Darren Silvar wore a royal blue Adidas jacket. In the bright morning sunshine it hurt my eyes and made him seem bigger. His Dad was Italian and his skin was the colour of bronze.
“Emily!” he called and I turned, confronted with the colour of his jacket and his curtain haircut and his height.
“Hi,” I muttered and carried on walking, he strode beside me.
“Are you alright?” he asked.
“Yes. Of course I am. Why?” I asked. He frowned.
“Just askin’,”
“I’m fine,”
We walked in silence for the rest of the way, I stared straight ahead but I noticed him snatching glances at me, out of the corner of my eye. It made me uncomfortable and irritable and when we got to the school gates I hurried away from him. I sat on one of the benches waiting for the doors to be opened. He stared after me for a moment before finding his friends who were leaning against the wall, craftily sharing a cigarette. Darren didn’t take it when they offered it to him but he stood talking to them and the grey smoke plumed around their heads.
The shrine still sat on the stage in the assembly hall. A candle hadn’t been lit for him in a week now and people looked at the picture less and less.

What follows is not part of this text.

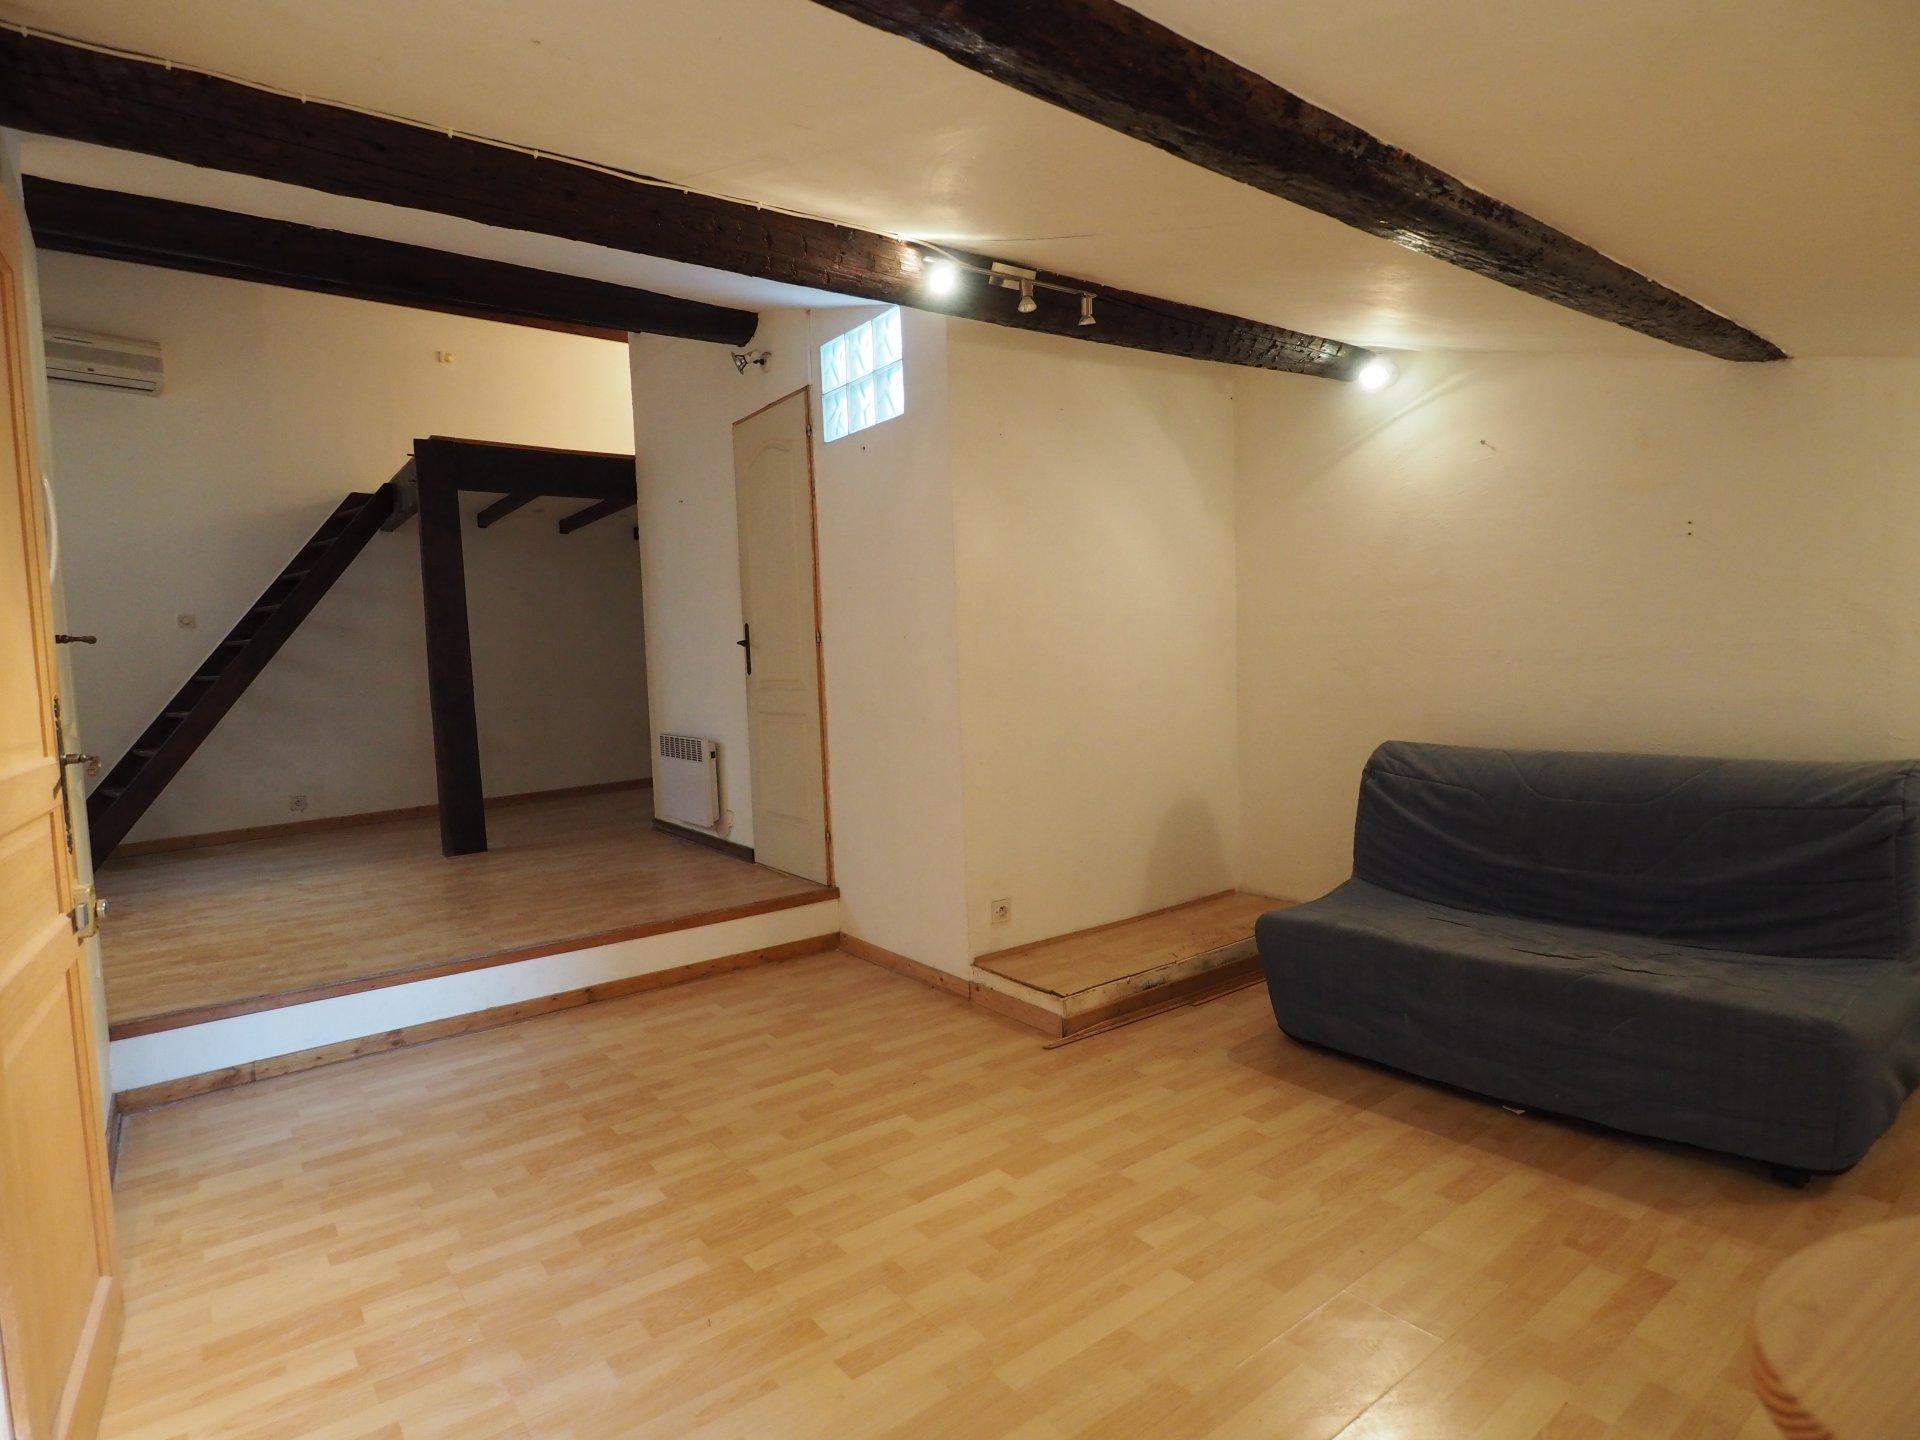 Location appartement T1-2 La Ciotat

I stared at it though, at his blonde hair and the gleaming silver trophy in his hands and he stared too. He stood at the end of the row and the girl sitting in the end chair began to shiver and complain that she was freezing. He glanced at me but didn’t smile; his green eyes were sad and beginning to lose their life.
Claire Brooke was sobbing in the toilet cubicle. I knew it was Claire Brooke because Stephanie Evans was standing outside the cubicle door calling to her to come out and those two were inseperable. I stood awkwardly in the doorway to the girl’s toilets for a moment and Stephanie looked at me.
“She’s just a bit upset,” she said.
“I can tell,” I replied, “I think I’ll just go and use the English block toilets,”
“I’m…fine.” Claire called between sobs. “Who is…that?”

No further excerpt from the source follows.